◆ INSTRUCTIONS FOR THE TASK: Lines below starting with the line with "Titulado Superior de" and going on through the line with "Suzuki Service –" must be output exactly; the rest of the records must be left out.

◆ MATERIAL SUPPLIED:
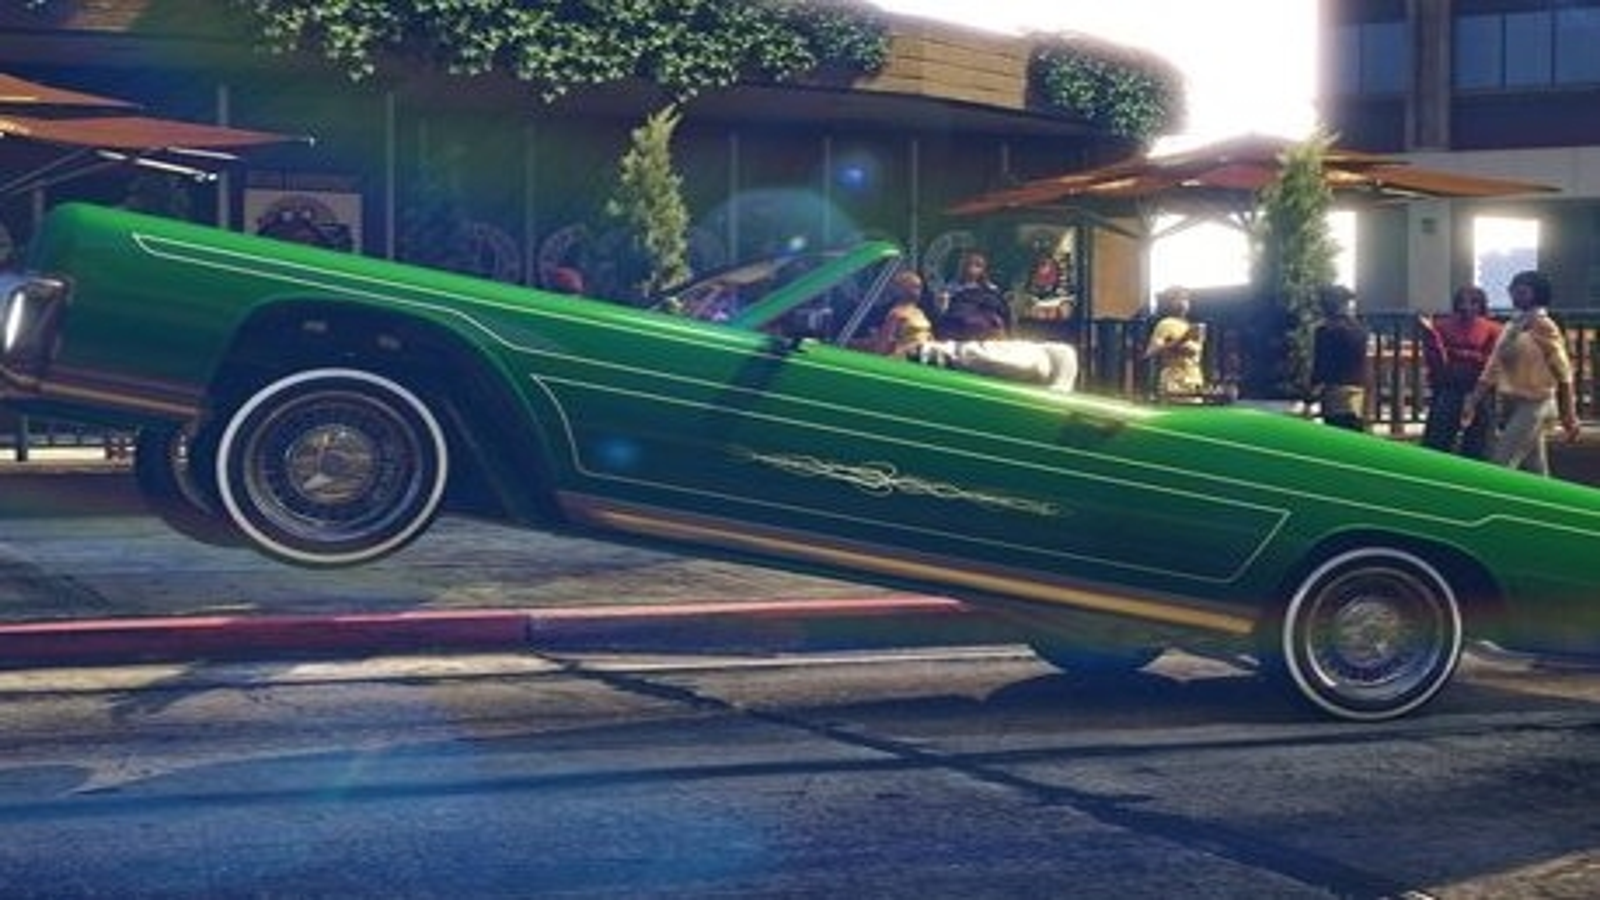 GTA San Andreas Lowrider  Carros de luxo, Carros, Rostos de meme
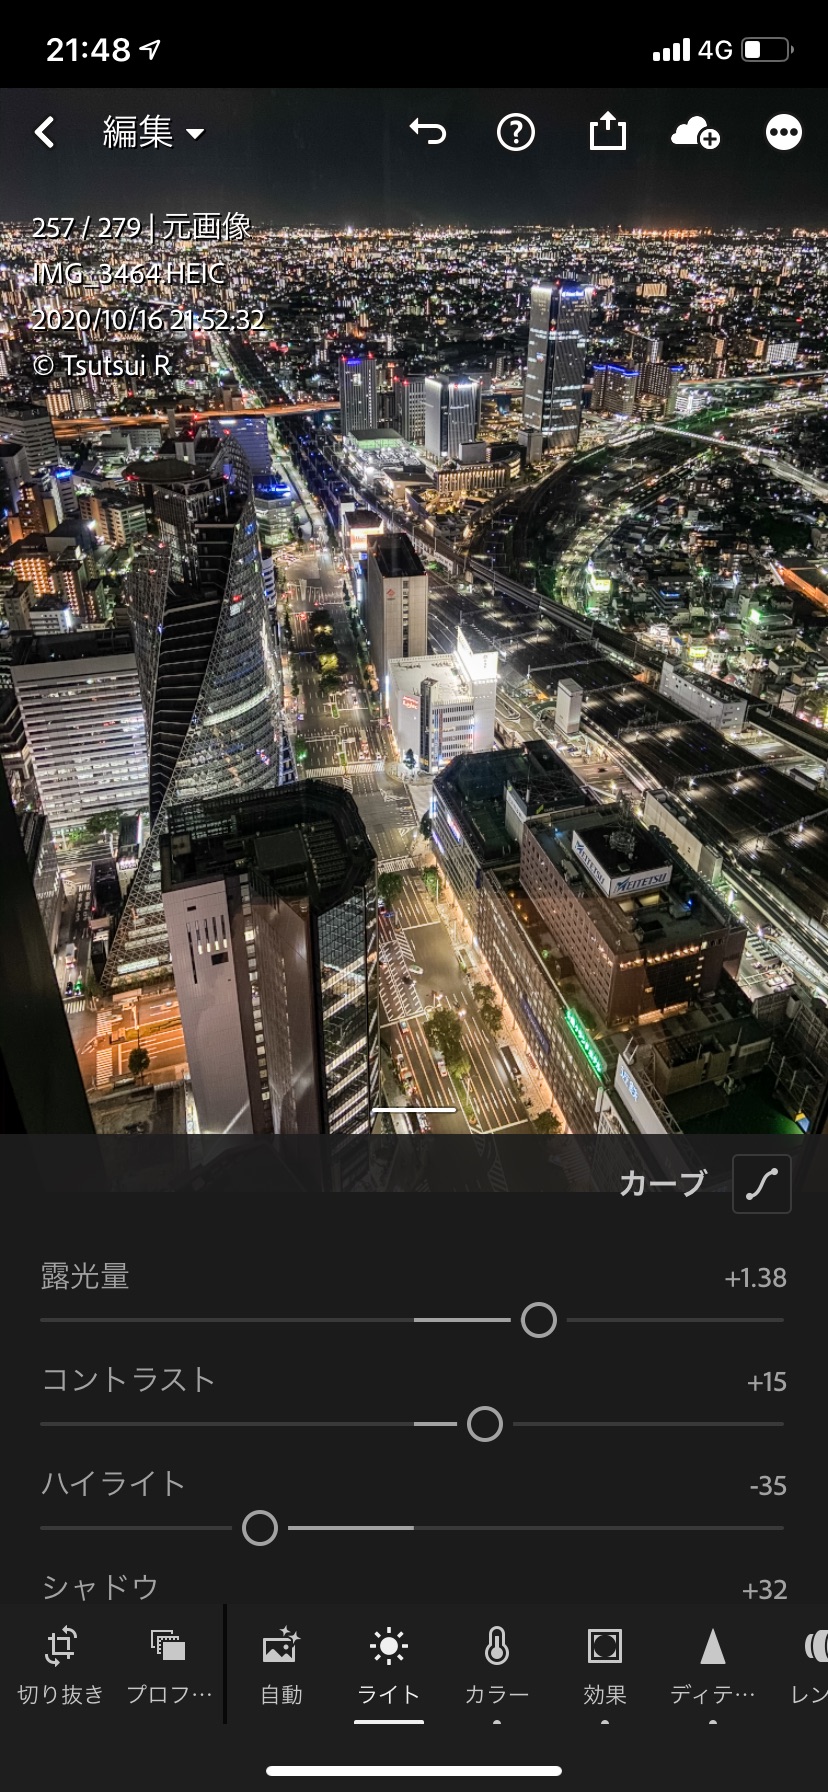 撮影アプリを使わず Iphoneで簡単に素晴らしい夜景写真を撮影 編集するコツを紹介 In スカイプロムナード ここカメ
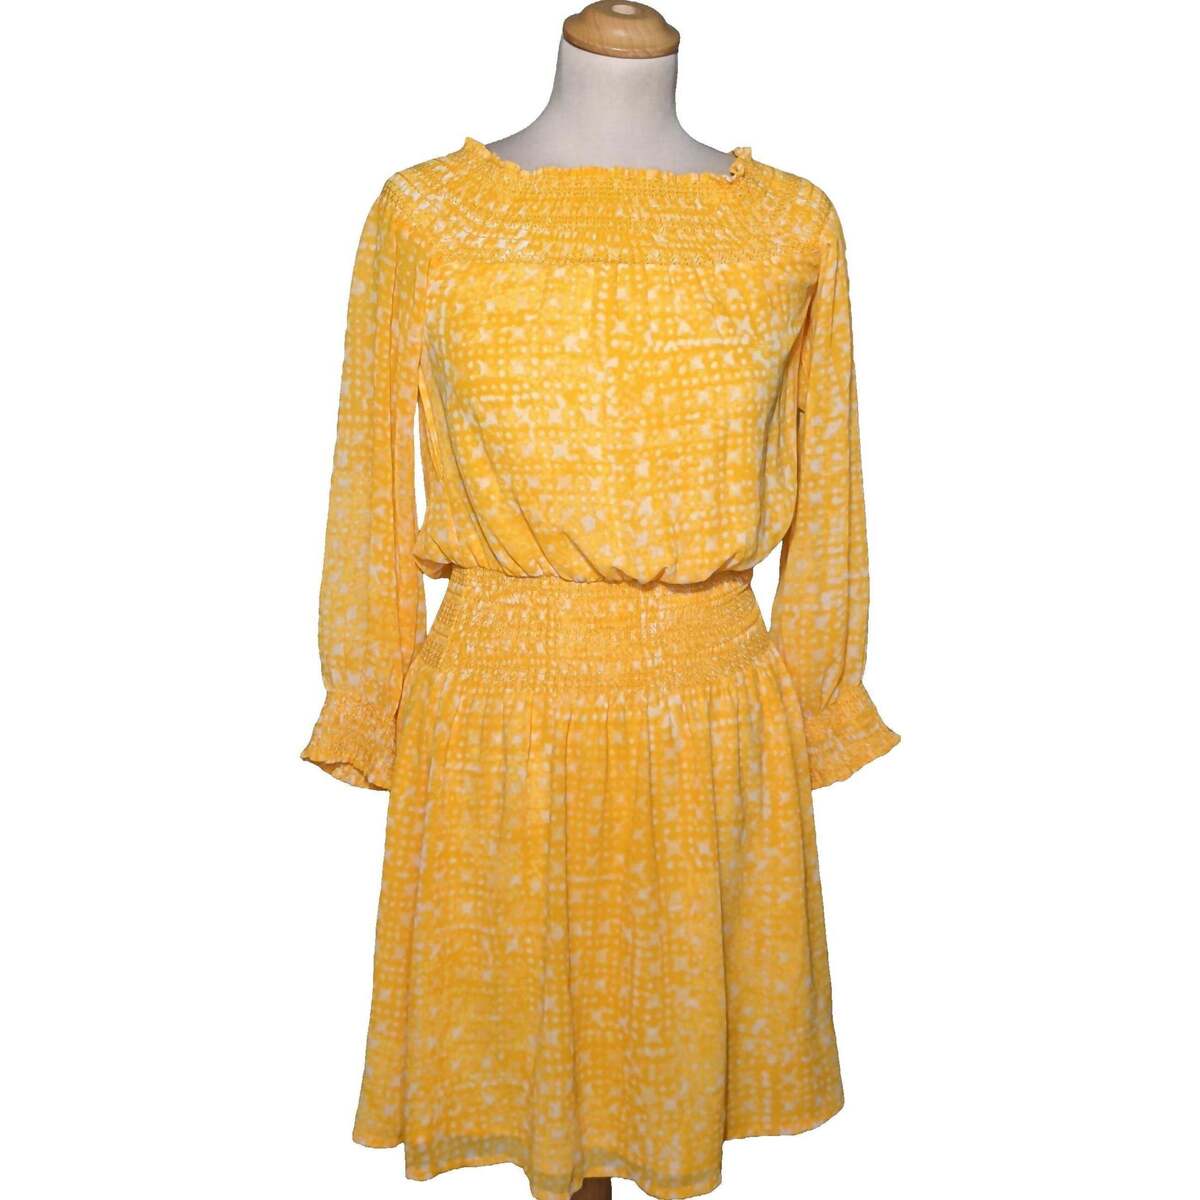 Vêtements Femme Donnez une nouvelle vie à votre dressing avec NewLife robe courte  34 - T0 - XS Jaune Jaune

---

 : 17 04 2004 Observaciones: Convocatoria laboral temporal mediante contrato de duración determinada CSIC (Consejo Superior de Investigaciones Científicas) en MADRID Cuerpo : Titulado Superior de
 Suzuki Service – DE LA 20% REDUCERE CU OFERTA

--

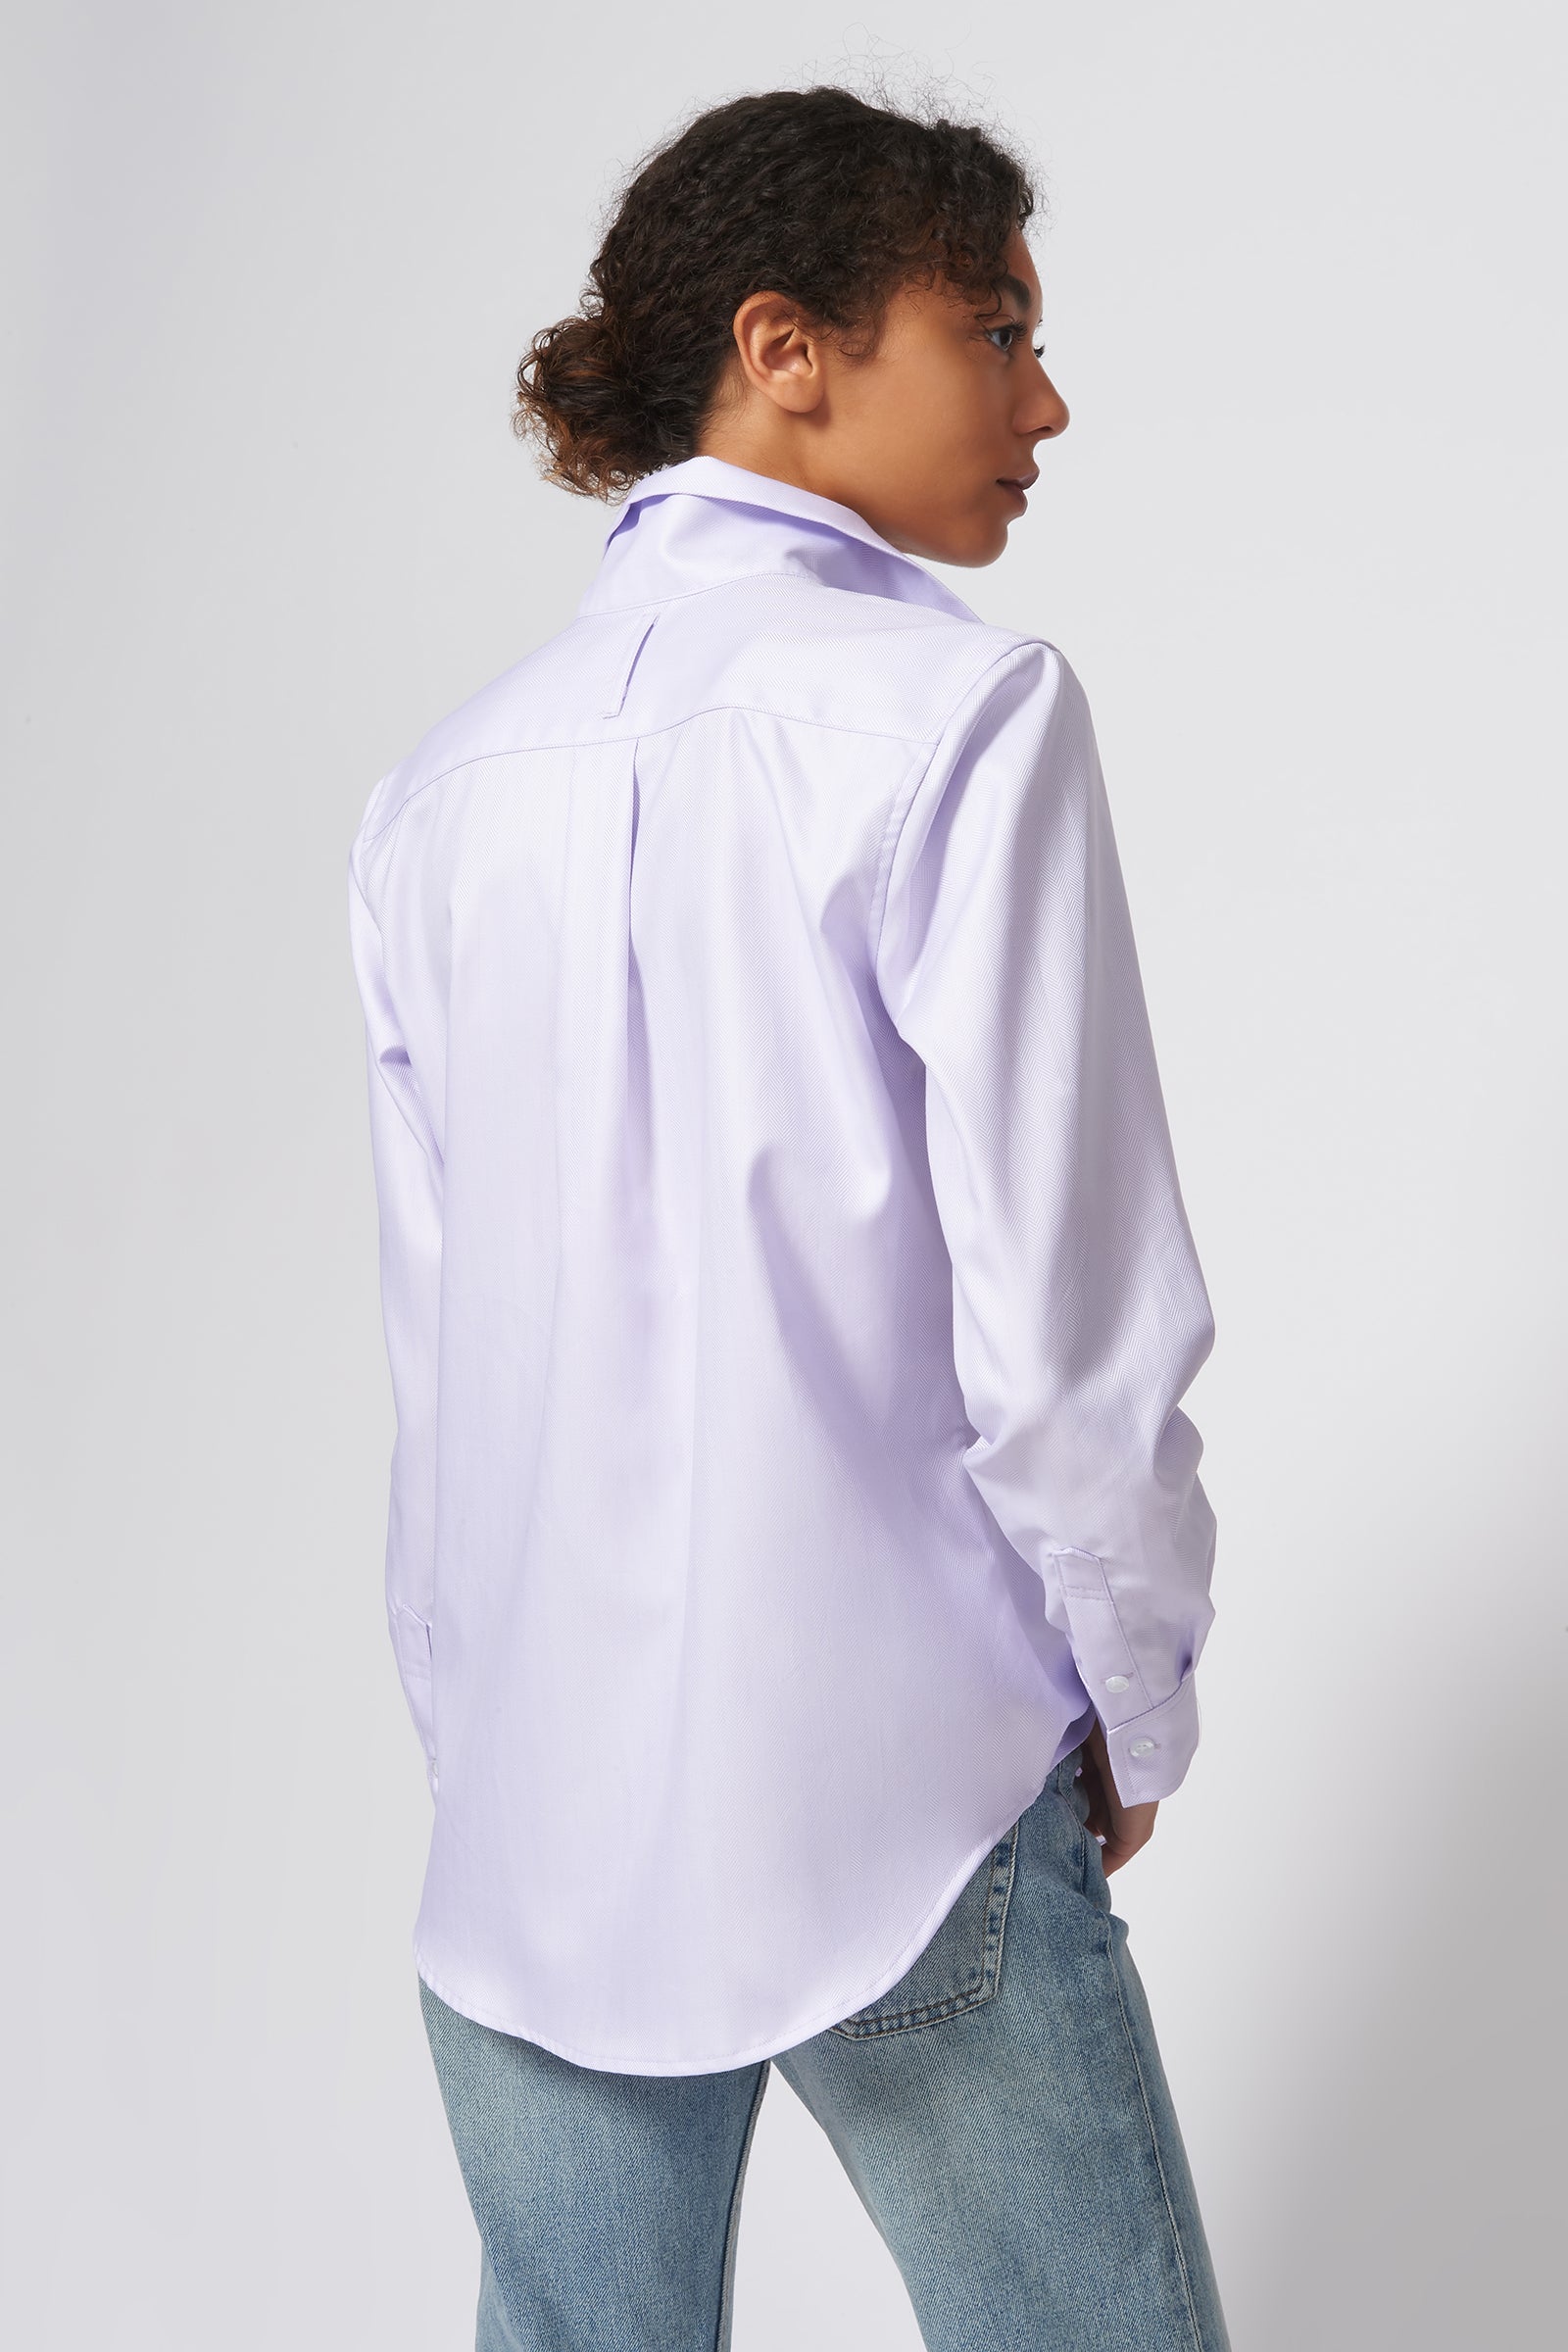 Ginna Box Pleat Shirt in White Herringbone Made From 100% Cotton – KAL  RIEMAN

◆ ANSWER SECTION:
 : 17 04 2004 Observaciones: Convocatoria laboral temporal mediante contrato de duración determinada CSIC (Consejo Superior de Investigaciones Científicas) en MADRID Cuerpo : Titulado Superior de
 Suzuki Service – DE LA 20% REDUCERE CU OFERTA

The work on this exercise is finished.